Humphrey, in Normandy, said the policy of transfers was wrong from the start, and lawmakers who could have fixed it missed their chance with the package that they passed.
“It was such a bad public policy,” he said, “there are really only two solutions to it. The first one was to repeal the law altogether and start over. The second one was that if you want a transfer law to exist, you have to provide fiscal equity to allow the sending district to have adequate resources to educate the children that remained in the district.”
Kistner, the lawyer for the plaintiffs in the case, said there was a simple fix available for the law – “to amend it to say that we are hereby creating this agency, the unaccredited school district transfer agency that’s going to have authority to promulgate regulations in accordance with the statute.
“Presto, what do you have? You set up a body with expertise. You have to stay within the framework of the statute. That type of concept is fairly simplistic, I understand, but that type of concept is one approach. Why didn’t they do it? I don’t know.”

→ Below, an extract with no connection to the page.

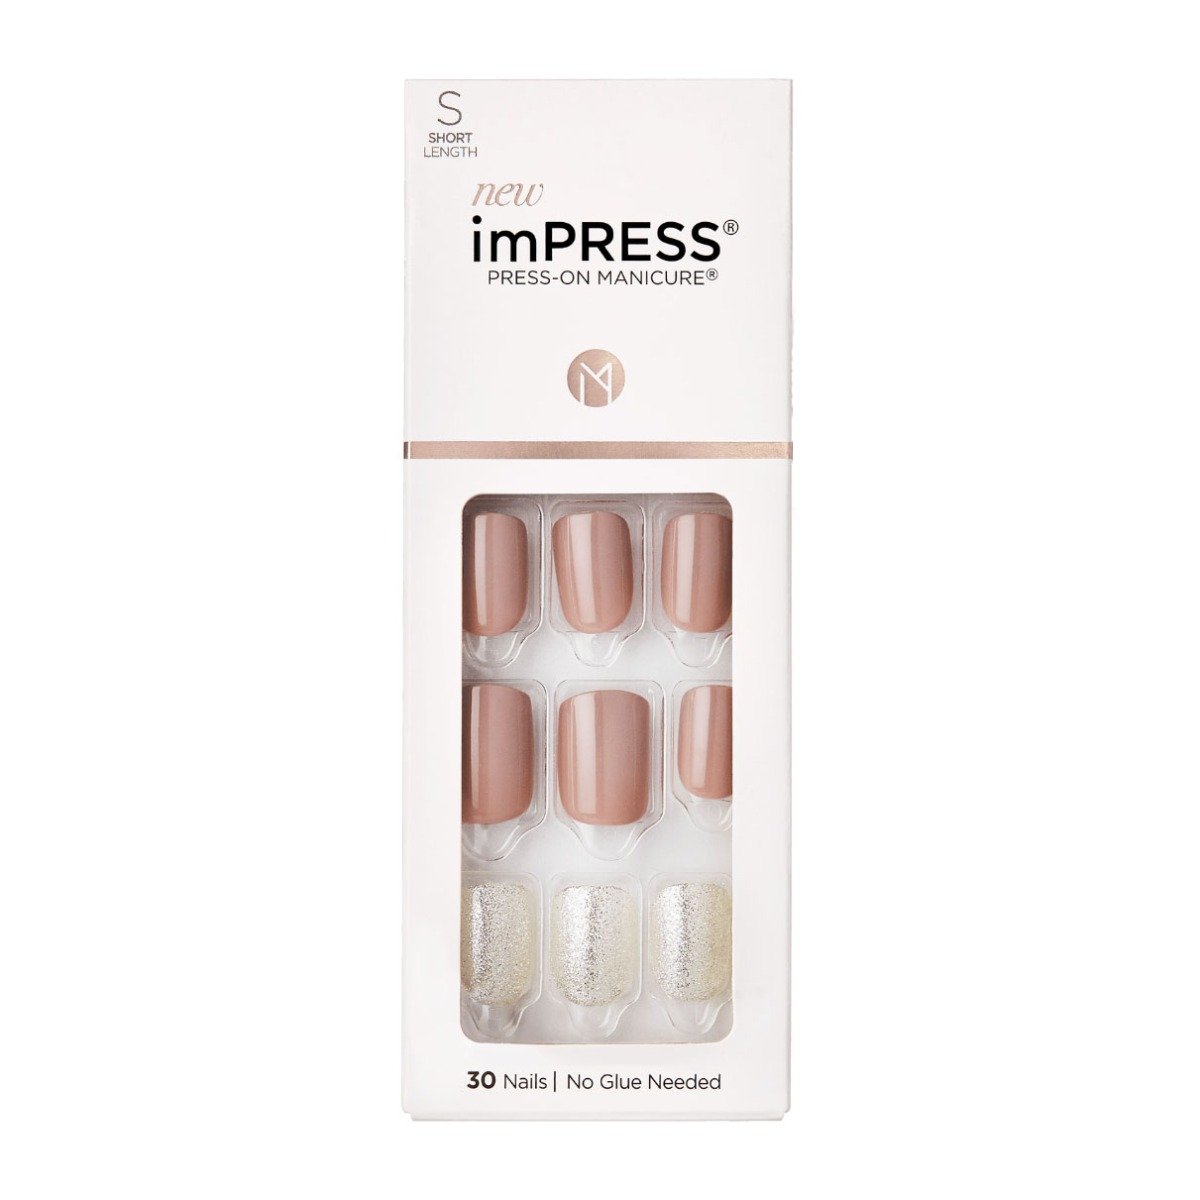 Kiss Impress One More Chance Nails - 83653 - Bloom Pharmacy

As things stand, with Nixon's expected veto of the transfer bill, students will once again be moving from Normandy and Riverview Gardens to adjacent districts come August. In Francis Howell, Sloan expects this year to go more smoothly, if only because the district has a year’s experience to draw on.

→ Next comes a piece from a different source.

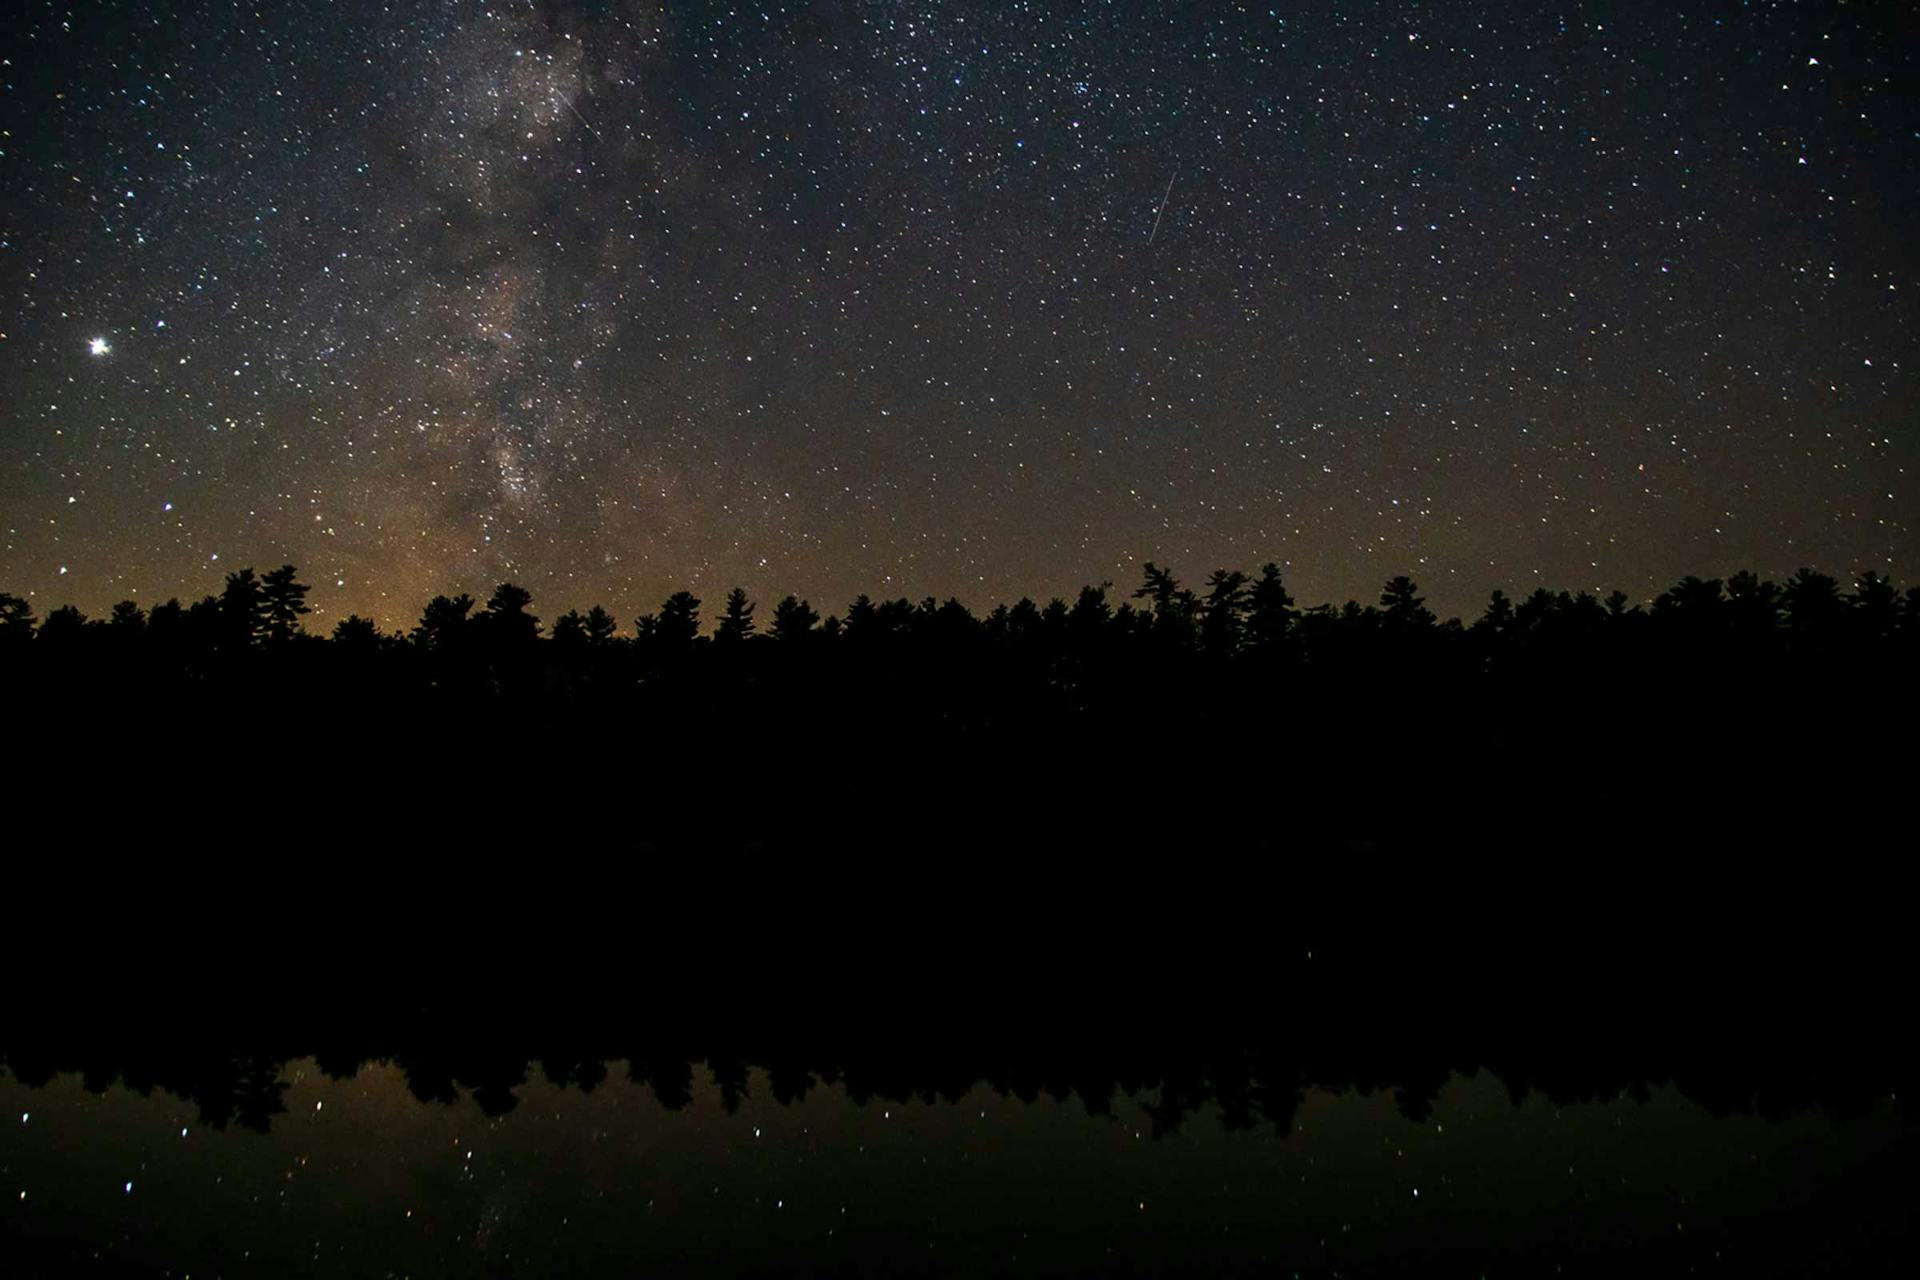 Stargazing Tools and Tips to Light Up Your Night

“A lot of the heavy lifting is over,” she said, “so if student return, there would certainly be some refinement of those systems. What might we be able to do better? What kind of different supports will kids need to be successful?”
And, she says, even if the lengthy bill passed by the General Assembly doesn’t become law, the fact that quality education has been a major topic of conversation around the state for past year is a plus.
But in Normandy, Humphrey says the effects of having a state-run school district and an appointed board supplant the elected board are sending the wrong kind of message.
“The thing that makes best sense would be to leave the elected school board in place, that understands the nuances of the district and the history, and you add any additional people that you want to appoint from the state board, to assure accountability. That was the proper move. We understand the kind of parameters that it takes to start school. They act as though they’ve never been involved in a school system before. It’s ludicrous.
“I’m standing on the top of the roof shouting this. You cannot have a district called the Normandy Schools Collaborative and refuse to collaborate. The underlying purpose of the name of the district is to have people come together to figure out what’s in the best interests of kids. We have been confronted with a monologues, not a dialogue. Monologues do not make for collaboration.”